In real, bona fide, card-carrying life, you'd completely ignore him -- even if he tried to give you money (and don't hit me with the "'it all depends how much'" line, because I'm not buyin' it, and if you do, you're not only idiosyncratic, but also a hooker). Where do all of you think this leaves the real guys? Your harebrained sanctions for "normal" behavior are of your own construction, and well, my heartfelt congratulations to you, because you've outdone the guys.
I won't put my "Michelle's Top Ten Reasons (insert female persona here) is Better Than All the Other Erratic Women Out There" into action until (and if) I get a *qualified nominee.

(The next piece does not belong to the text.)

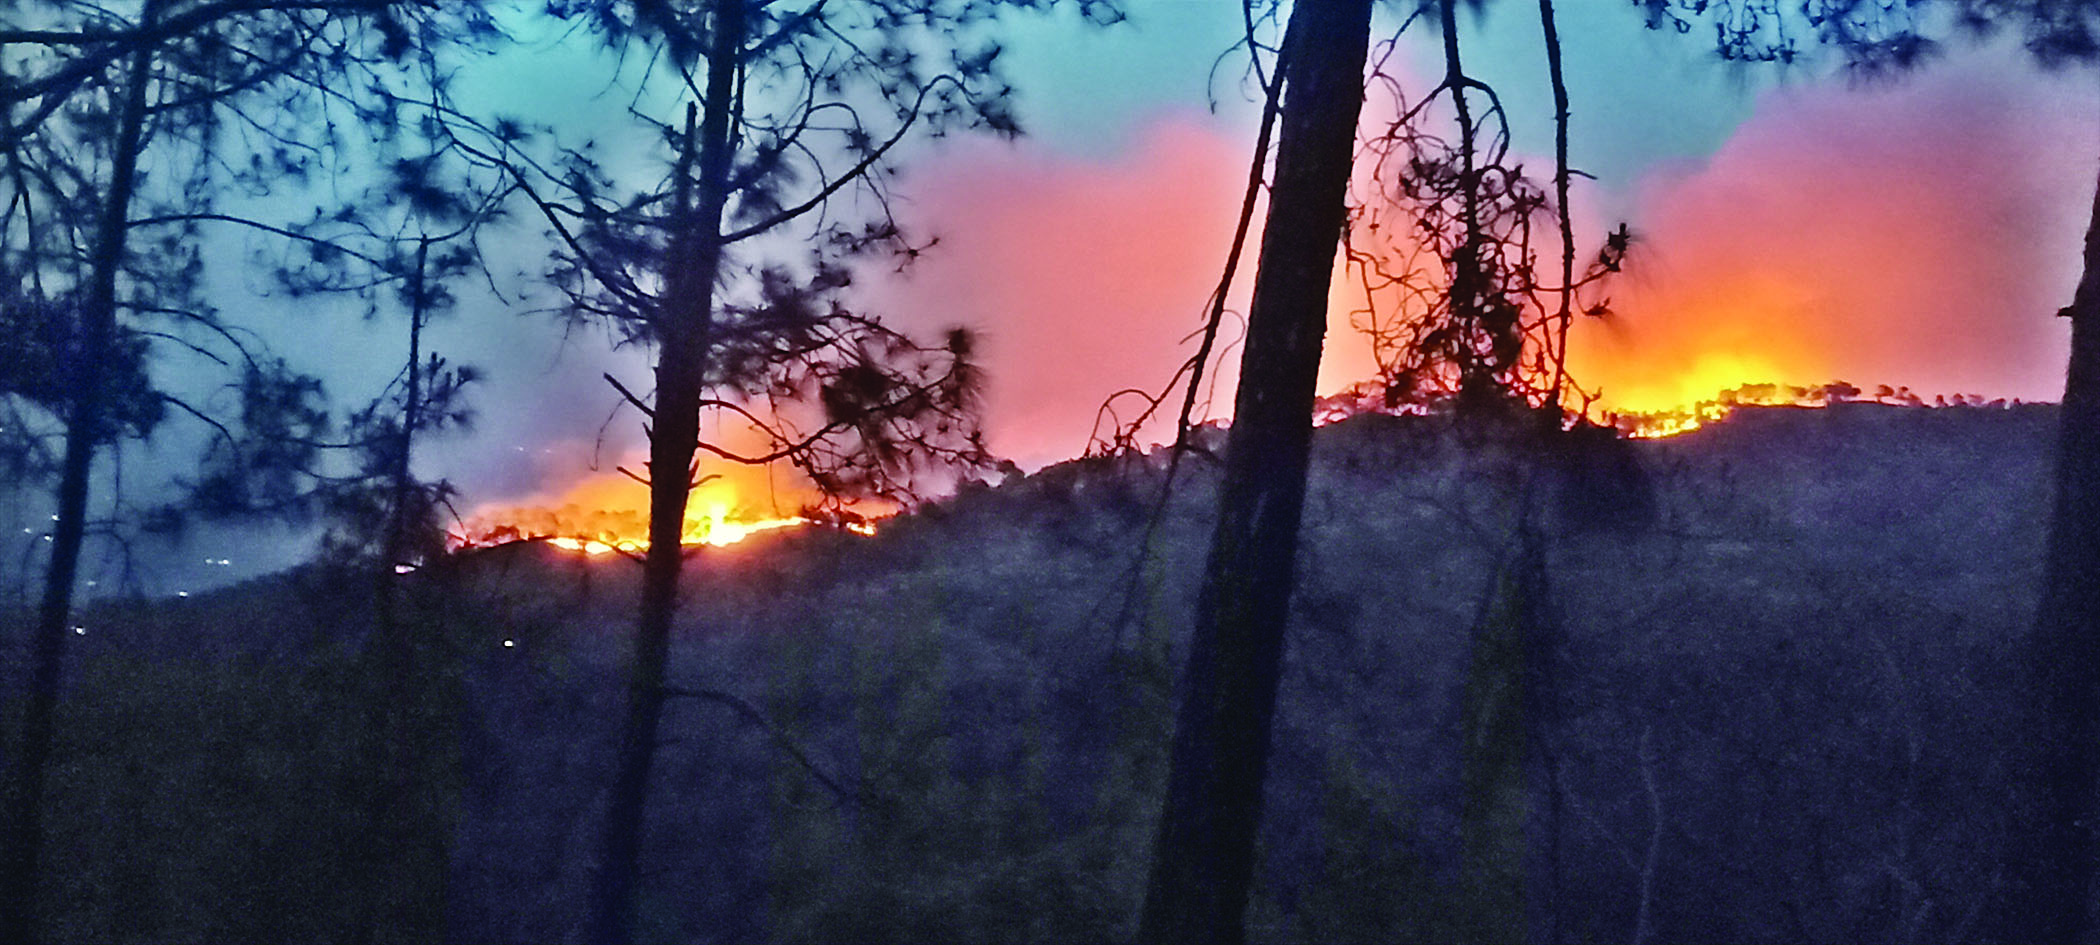 सैनधार में धू-धूकर जल रही वन संपदा
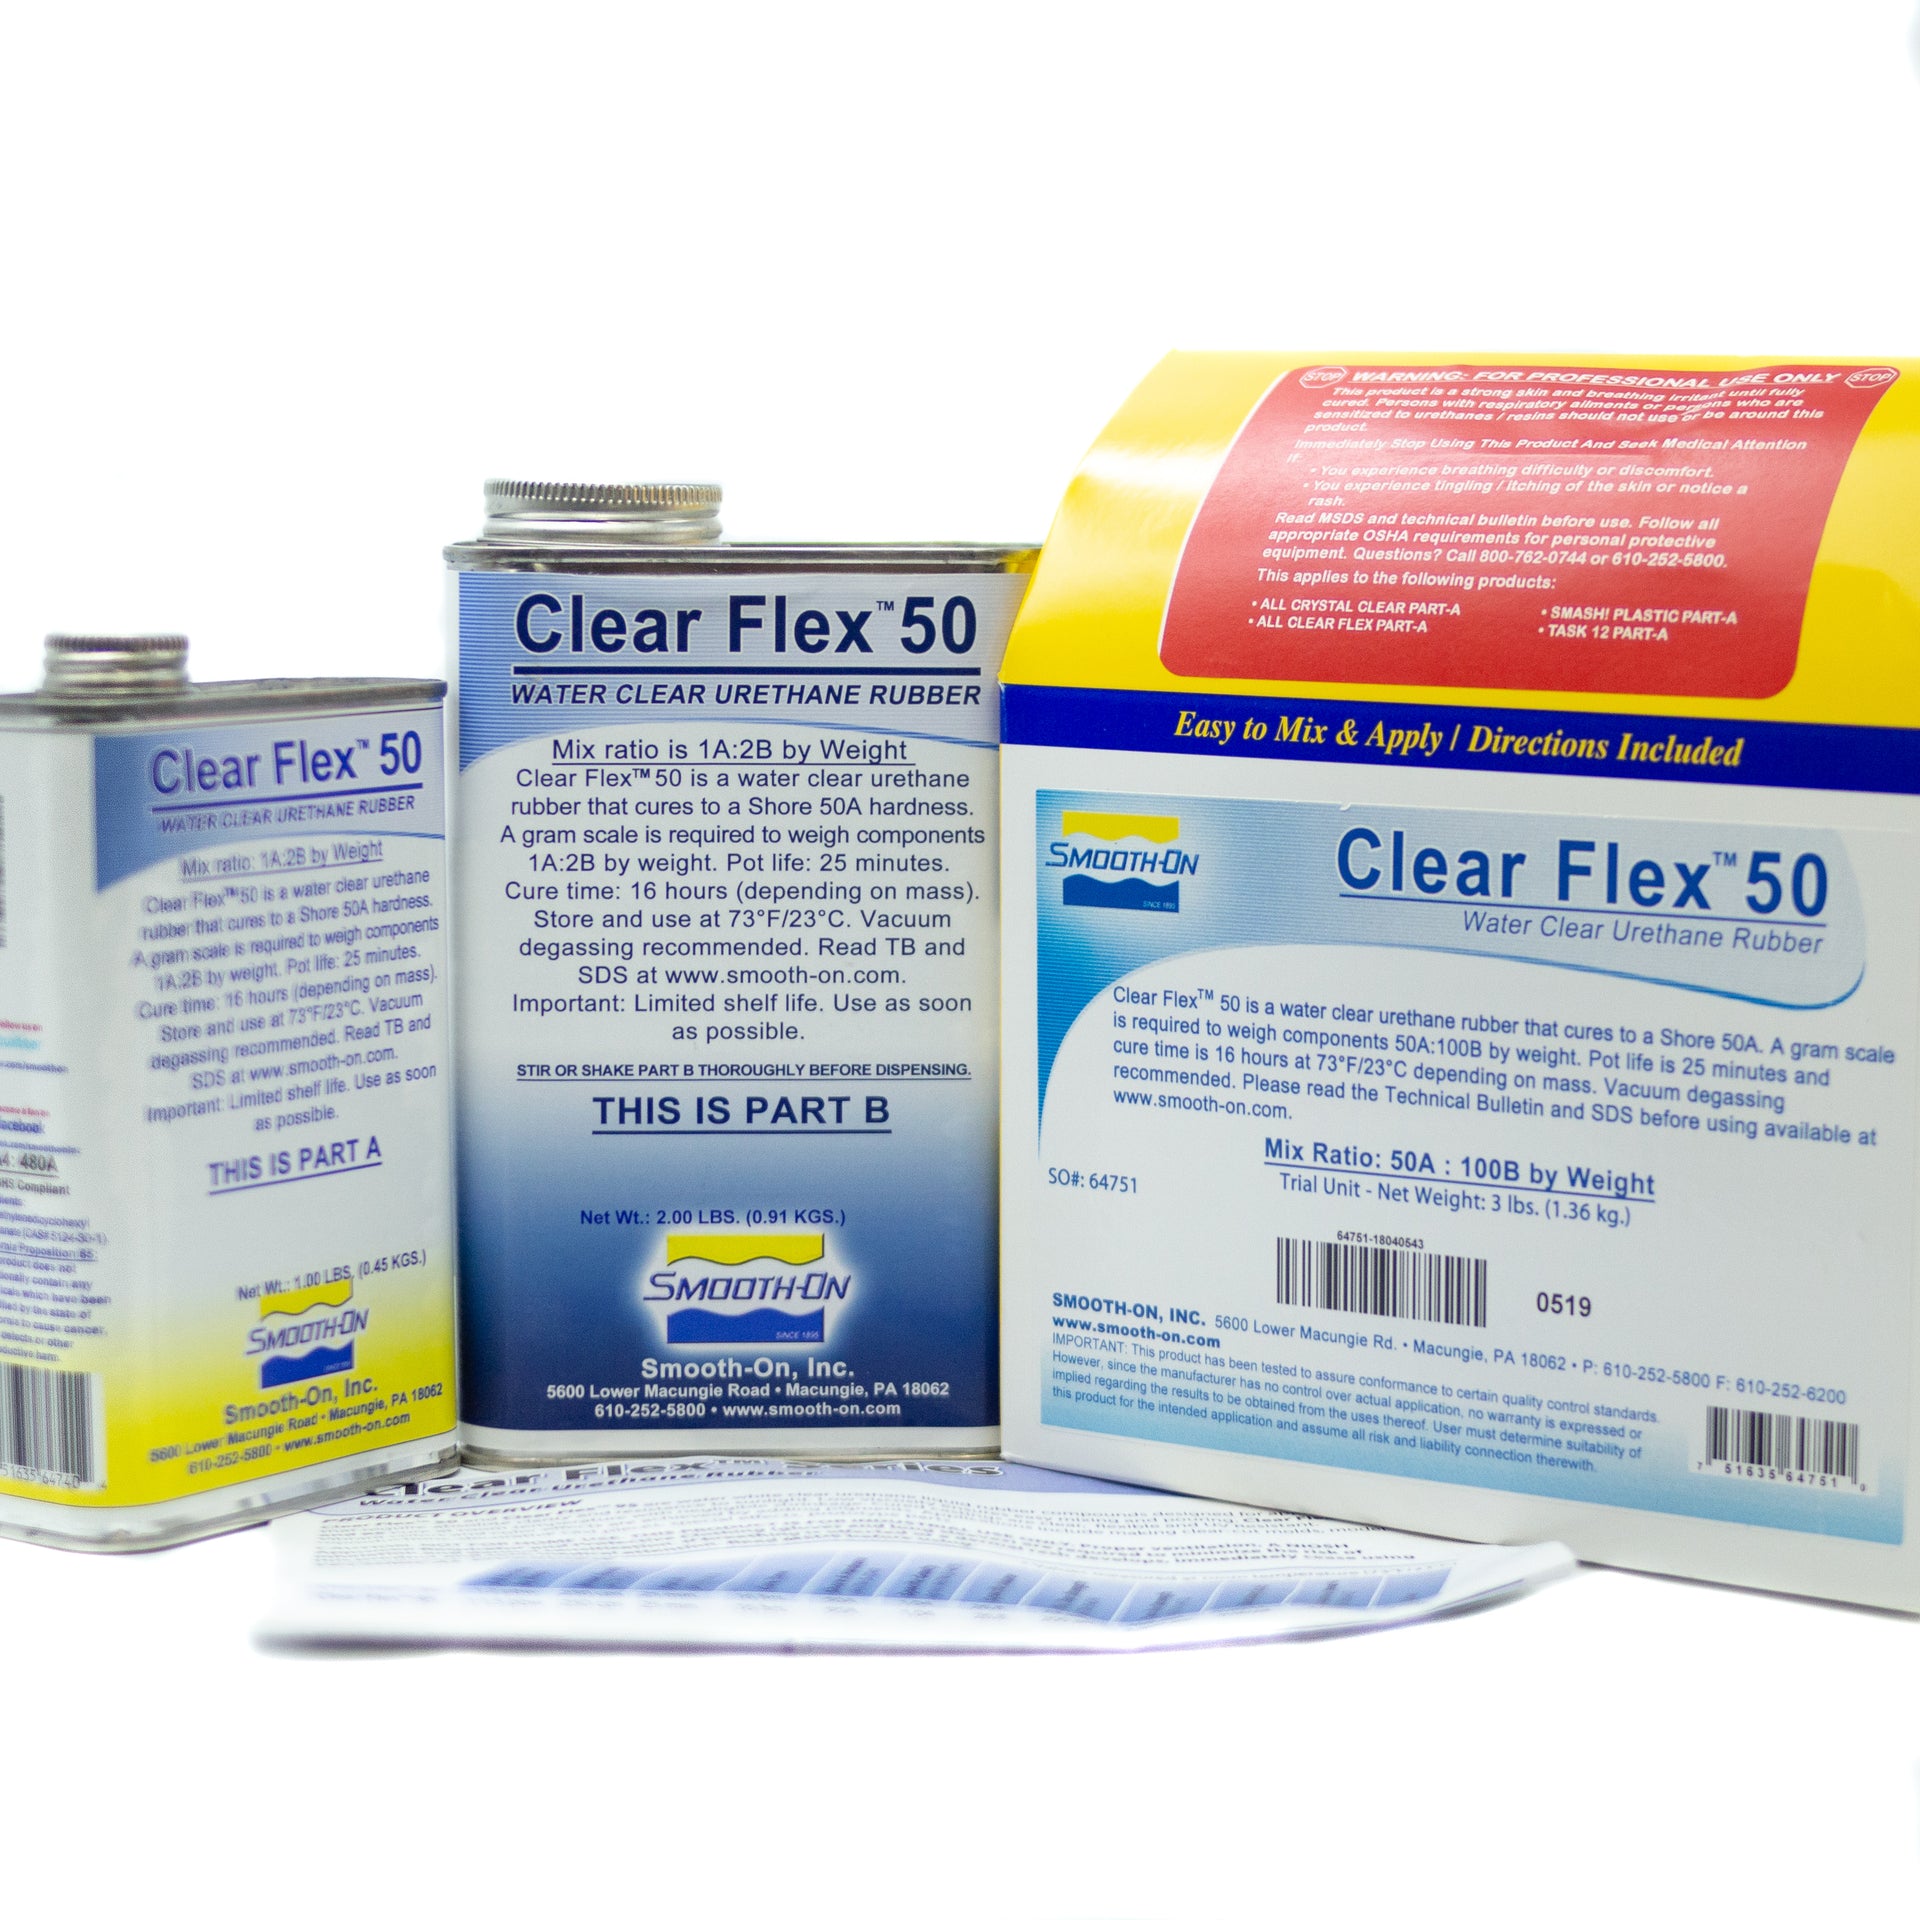 Clear Flex 50 - Trial Kit 1.36kg, resin- Lumin's Workshop

Until then, I'll summarize just for the sake of clarity. You women are swooning because you are confused (shocking, I know). You've packed up all your neat little garments made of 100% pure expectation and you're planning to move to vampire-island, where bountiful disappointment awaits (alongside your orders of pretty, yummy drinks), because your blood-sucking love interest is sure to be sleeping in the dog house within seventy-two hours of your arrival.
It's true, shut up.
He'll come to sweep you up into the magical trees, and your warm, little, welcoming self will kindly provide him with a gratudial verbal tirade (that would chase him right back to Italy, into the welcoming arms of the Volturi), because either A) You don't like to be treated that way, or B) He didn't anticipate the fact that you were in the "mood" for a quiet, sullen evening with a salad and a spritzer.
I know! The absolute nerve of some people.
*Qualified in this case consists of a female character, bound by the same tantamount (look it up) standards as "our" dreamy, muddle-haired Edward.
Bring "her" on, I'm all over this one.